The bulk of audio encoding schemes lack sufficient cryptanalysis and security assessments to validate the stability of these cryptosystems against adversarial attacks. As a result, a robust algorithm is demanded to protect audio data from various threats. Due to less computational action and solid security, EC-based cryptographic architectures are more steadfast than existing cryptographic techniques. In addition, the features of finite fields compel us to create a novel digital audio data security algorithm based on an EC over a Galois field. Moreover, using Galois fields in hardware cryptography would increase performance and reduce cost.

1.3. Our Contribution

The primary goal of developing this technique is to provide integrity and authenticity for encrypting multiple audio files. In reference [23], the author segmented the audio data into two sections, one comprising eight bits and the other consisting of seven bits. Subsequently, they employed substitution and permutation approaches for data encryption. However, it is worth noting that the data contained specific values within the 16-bit range, which remained fixed during encryption but were mysteriously missing during decryption. Moreover, $GF\left(2^7\right)$ or $GF\left(2^8\right)$ also demanded more extensive memory and storage resources. In this manuscript, we have divided data into four blocks and utilized an EC over the binary extension field of order 16 to address the issue of missing elements, which is in the range of 16-bits. Moreover, the use of smaller fields leads to potentially faster computations. The points mentioned above are the main findings of this scheme. Additionally, the use of EC points in the binary extension field provides greater strength to the proposed algorithm. Accordingly, we organize our work so that Section 2 begins with a brief introduction to the EC and Galois fields. Thorough explanations of the proposed encryption technique are exemplified in Section 3. Likewise, Section 4 examines the suggested encryption algorithm’s security analysis and computer simulation results. In the Section 5, we put together some concluding reflections.

2. Preliminaries

In this part, several fundamental and crucial notions, like ECs, Galois fields, Euler’s phi function, and primitive polynomials are presented.

2.1. Galois Field $GF$

A field with finite elements is called a Galois field or a finite field, represented as $GF\left(p^m\right)$, where $p$ denotes a prime number and $m$ is any positive integer. Further, if $m=1$, $GF\left(p\right)$ consists of the set of integers $Z_p=\left\{0,1,2,\dots ,p-1\right\}$ with arithmetic operation modulo prime $p$. A polynomial $h\left(x\right)$ of degree $m$ in $F\left[x\right]$ is called an irreducible polynomial if it cannot be factorized into polynomials having a degree less than $m$. Accordingly, in every Galois field $GF\left(p^m\right)$ there is a polynomial called a primitive irreducible polynomial (PIP), which generates all the elements of that field, except zero. The number of different PIPs over the Galois field $GF\left(p^m\right)$ is calculated by $\frac{\phi \left(p^m-1\right)}{m}$, where φ represents Euler’s phi function.

2.2. Elliptic Curve

The Weierstrass form of an EC $E_{p,a,b}$ over a prime field $p$ is a cubic equation whose coefficients are the two non-negative integers $a,b\le p-1$, and defined as:

$$y^2=x^3+ax+b$$

(1)

where the points $\left(x,y\right)$ $\in F_p\times F_p$ lying on the EC together with the point at infinity O forms a group. By Hasse formula, the approximate number of points |$E_{p,a,b}$| lying on the EC is obtained by:

$$abs \left(\left|E_{p,a,b}\right|-p-1\right)\le 2\sqrt{p}$$

(2)

where abs denotes the absolute value; also, when we put $a=0$ in Equation (1), we obtain a particular type of EC called a Mordell EC (MEC). The specialty of this curve is that when we take a prime number in the form $p=2 mod 3$, it has precisely $p+1$ distinct points lying on that MEC.

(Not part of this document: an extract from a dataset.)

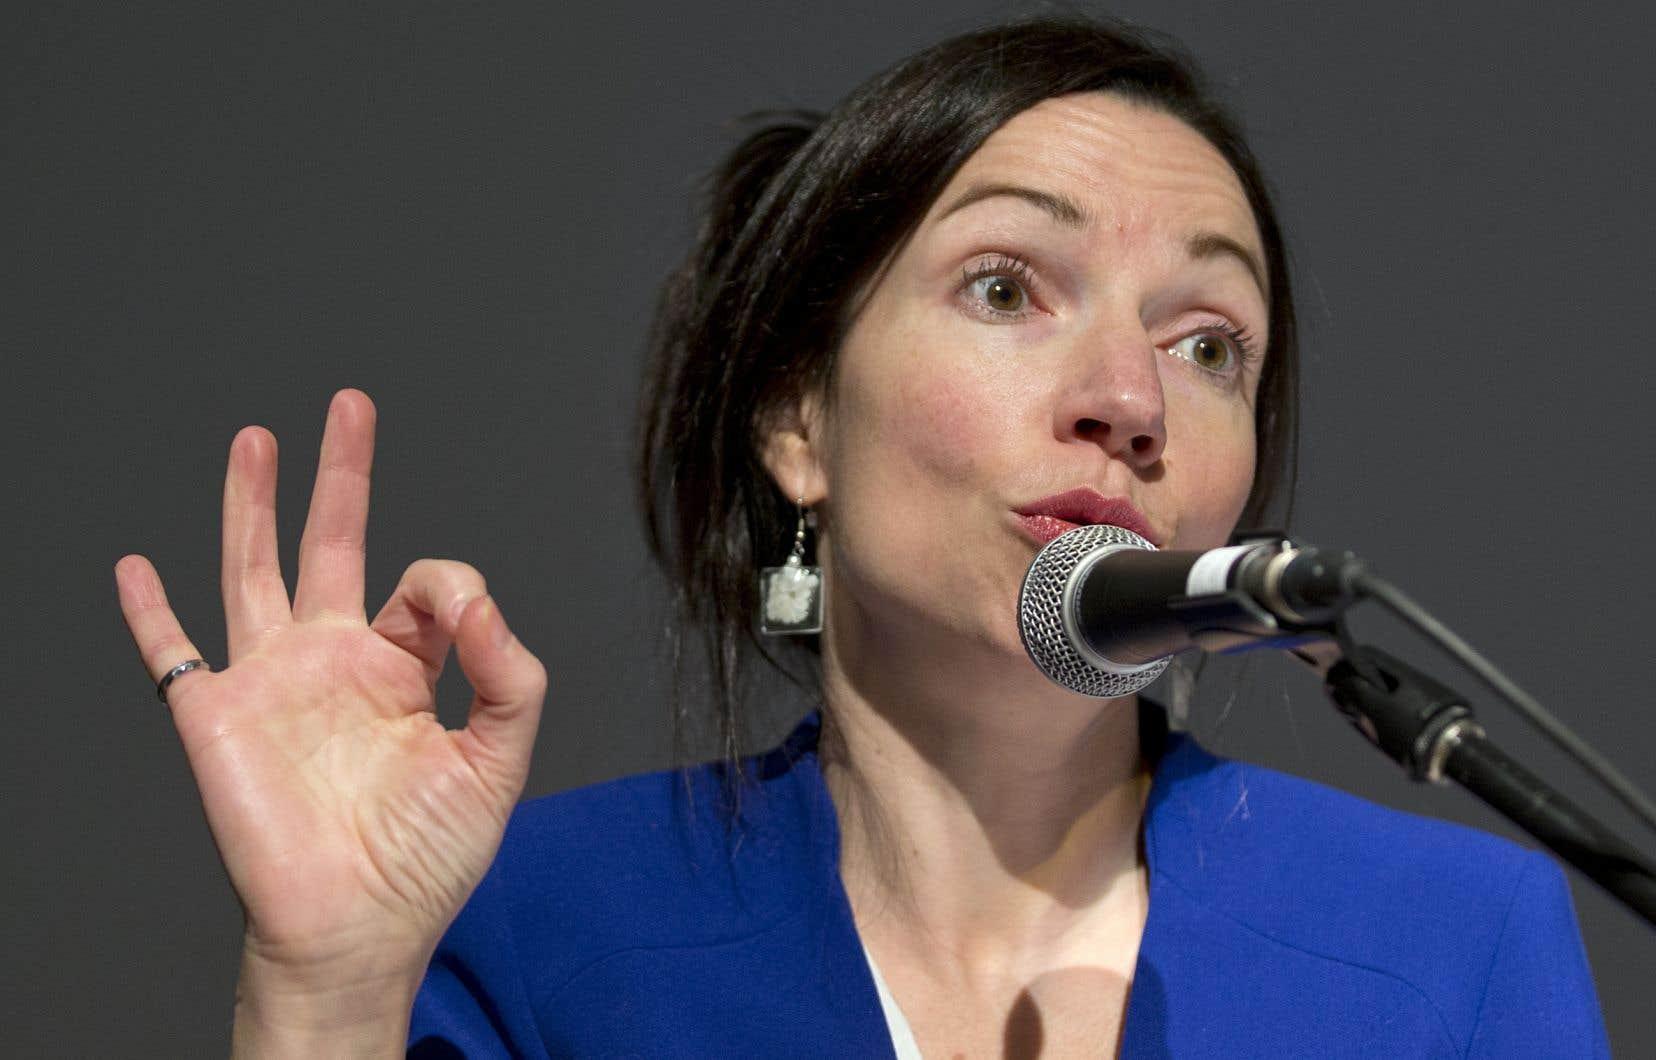 Martine Ouellet met en demeure Radio-Canada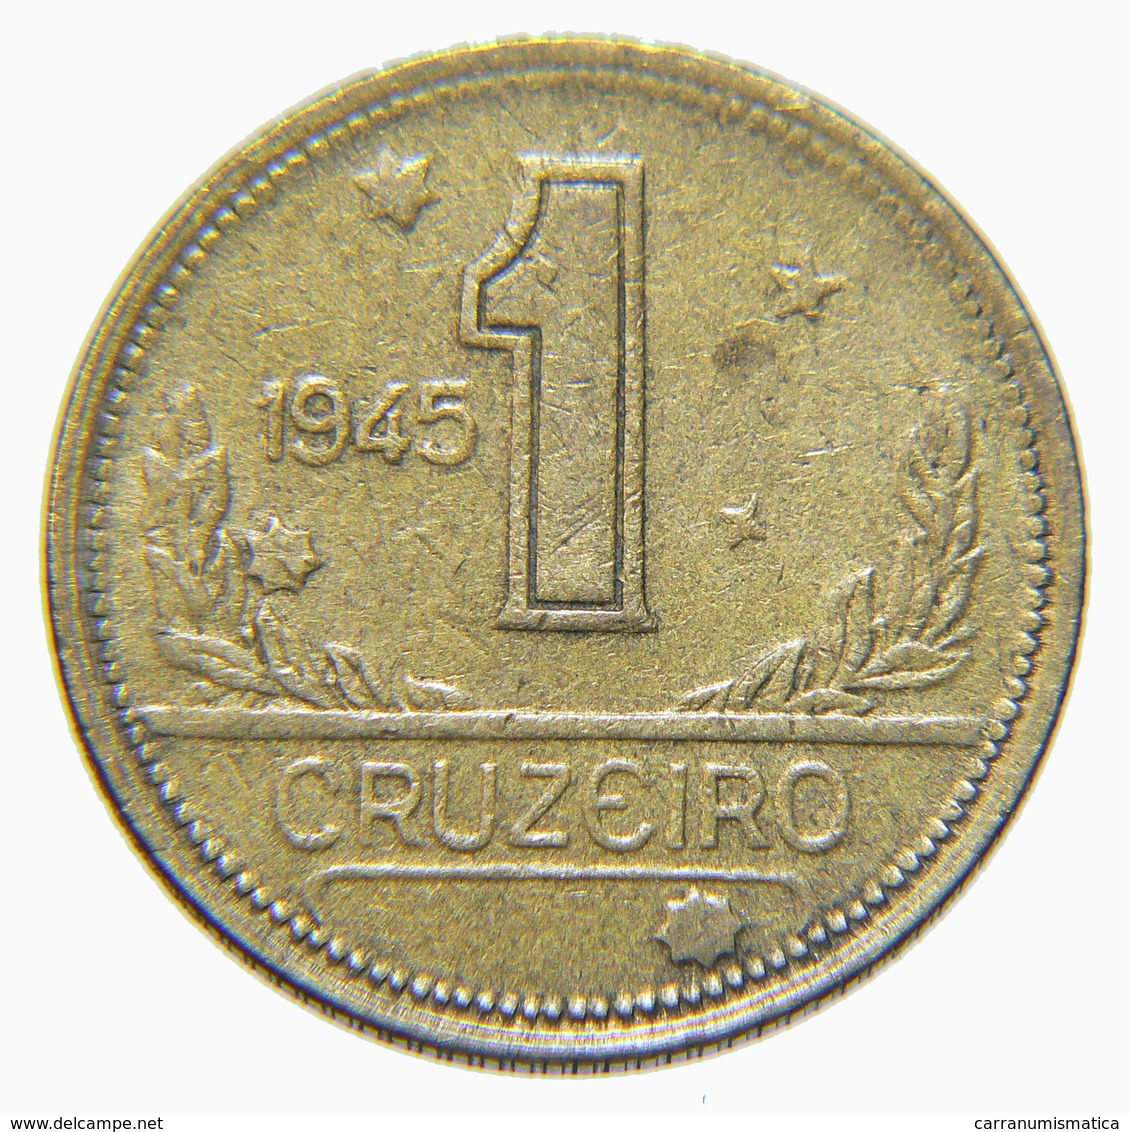 [NC] BRASILE - 1 CRUZEIRO - 1945 (nc3996) - Brésil

3. Proposed Encryption Scheme

Arrays of digitally encoded audio signals are operated to store, modify, replicate, and generate sound using audio technology. In addition, “digital audio” can refer to the sample of discrete sequences selected from the audio wave format. Under the proposed technique, digital audio in the wav format will be encrypted before being sent across an insecure channel. A 16-bit signed integer class was first utilized to read the audio file, with a range value of $\left[-2^{15}, 2^{15}-1\right].$ M rows and N columns are in these matrices, which we refer to as the original audio data matrix (G). The following part will go over the encryption scheme’s step-by-step procedure.

3.1. Proposed Generation of Pseudo-Random Numbers (PRNs)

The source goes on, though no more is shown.